** INFORMATION SUPPLIED follows **

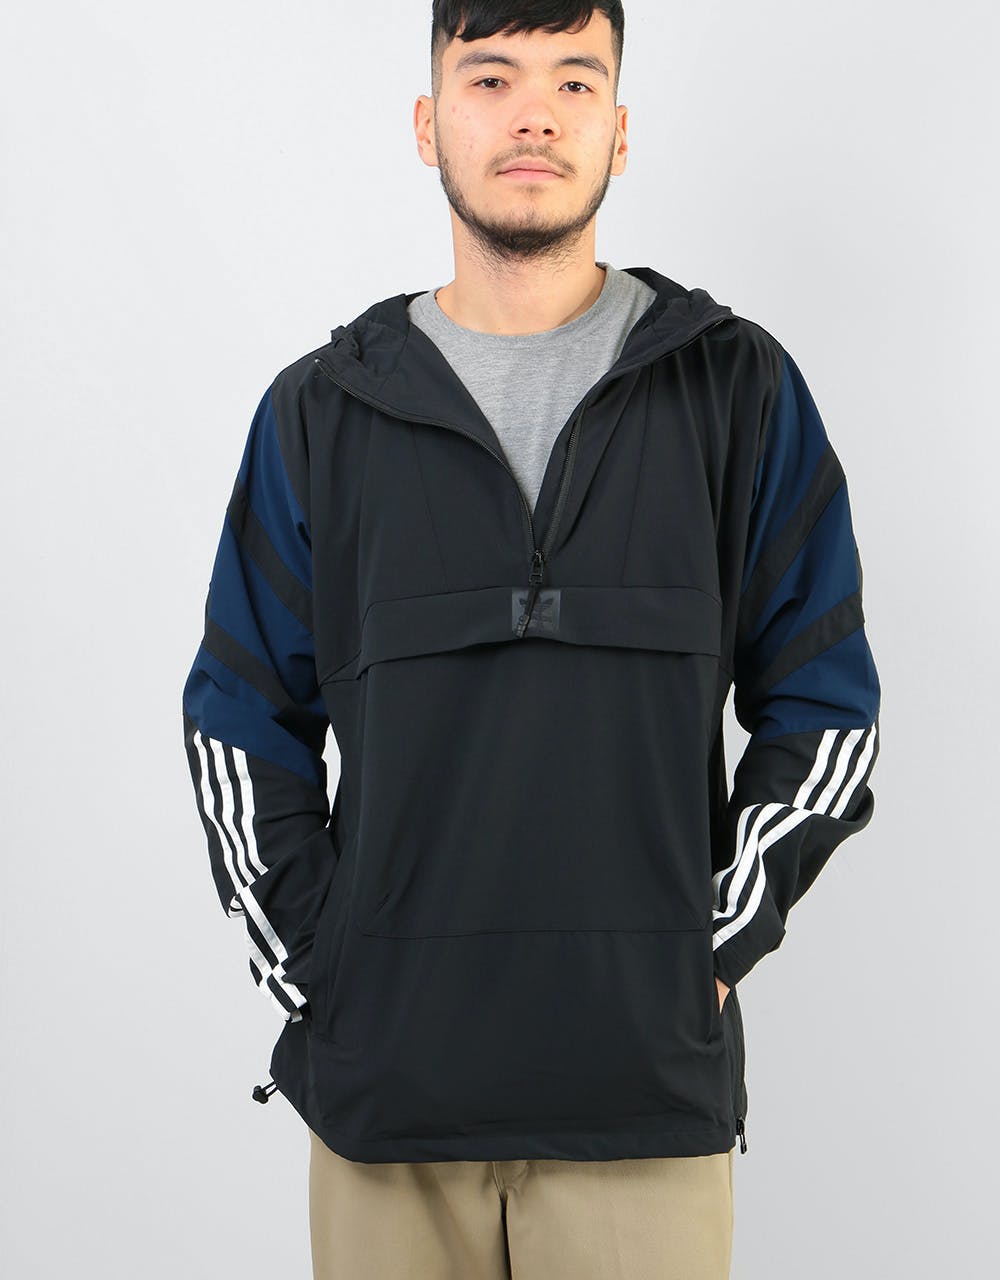 Adidas 3ST Jacket - Black/Collegiate Navy/Carbon
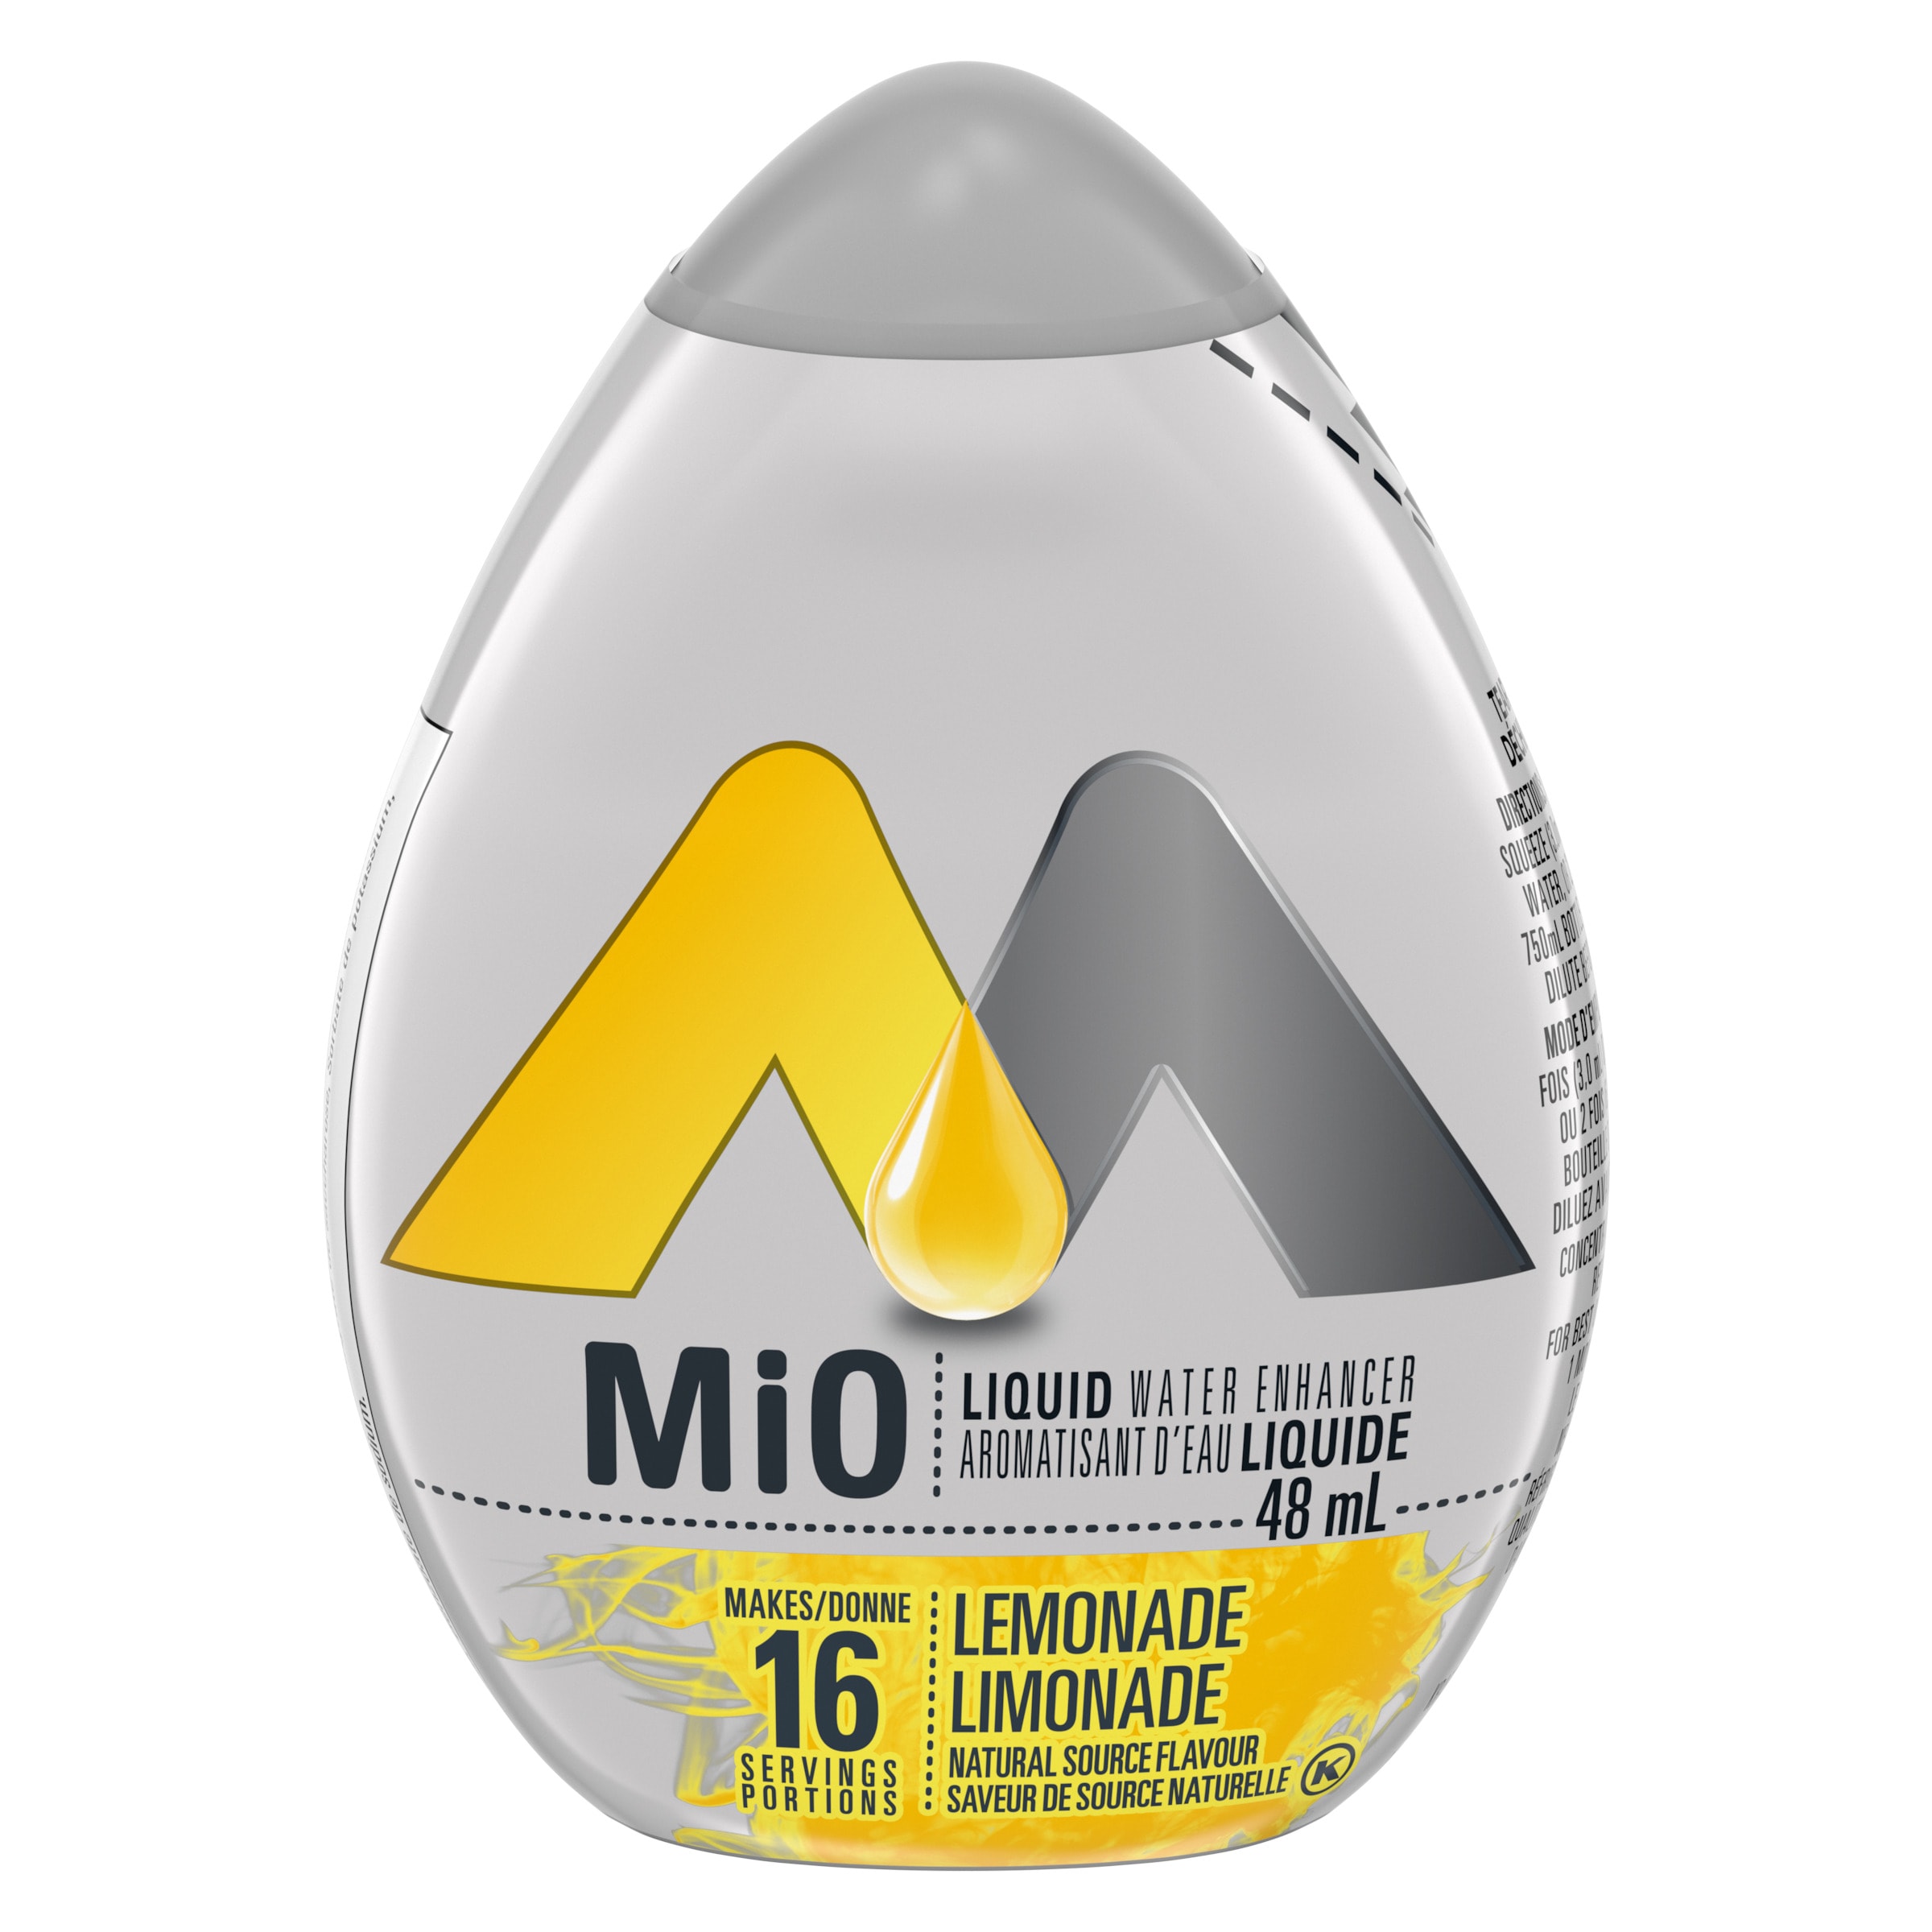 Lemonade Liquid Water Enhancer
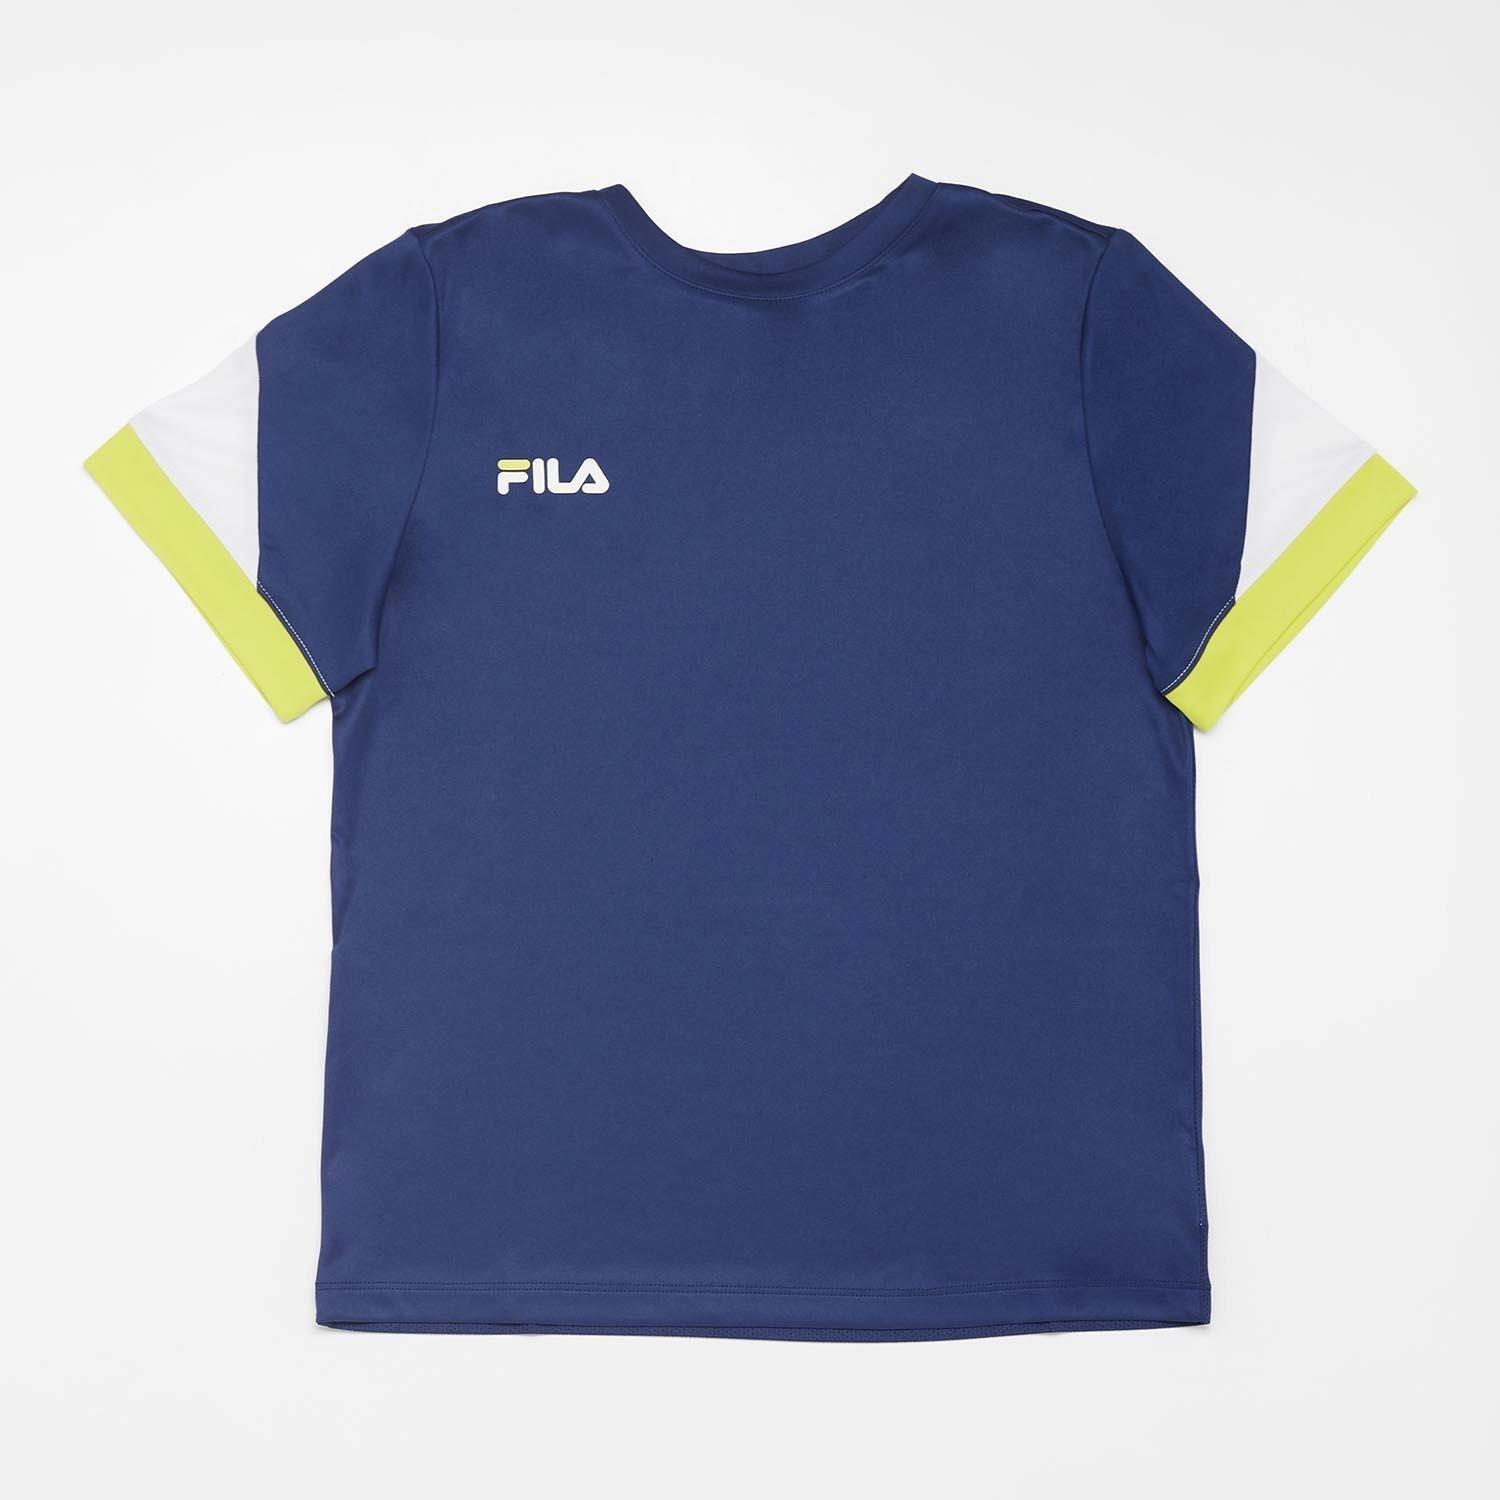 Fila Fila basic voetbalshirt blauw/wit kinderen kinderen

** End of INFORMATION SUPPLIED **

_TASK DETAILS_. From the line containing "Lemonade Liquid Water Enhancer" down to the end of the listing above, every line is to be returned exactly, though the pictures are not.

_EXERCISE SOLUTION_.
 Lemonade Liquid Water Enhancer
 Fila Fila basic voetbalshirt blauw/wit kinderen kinderen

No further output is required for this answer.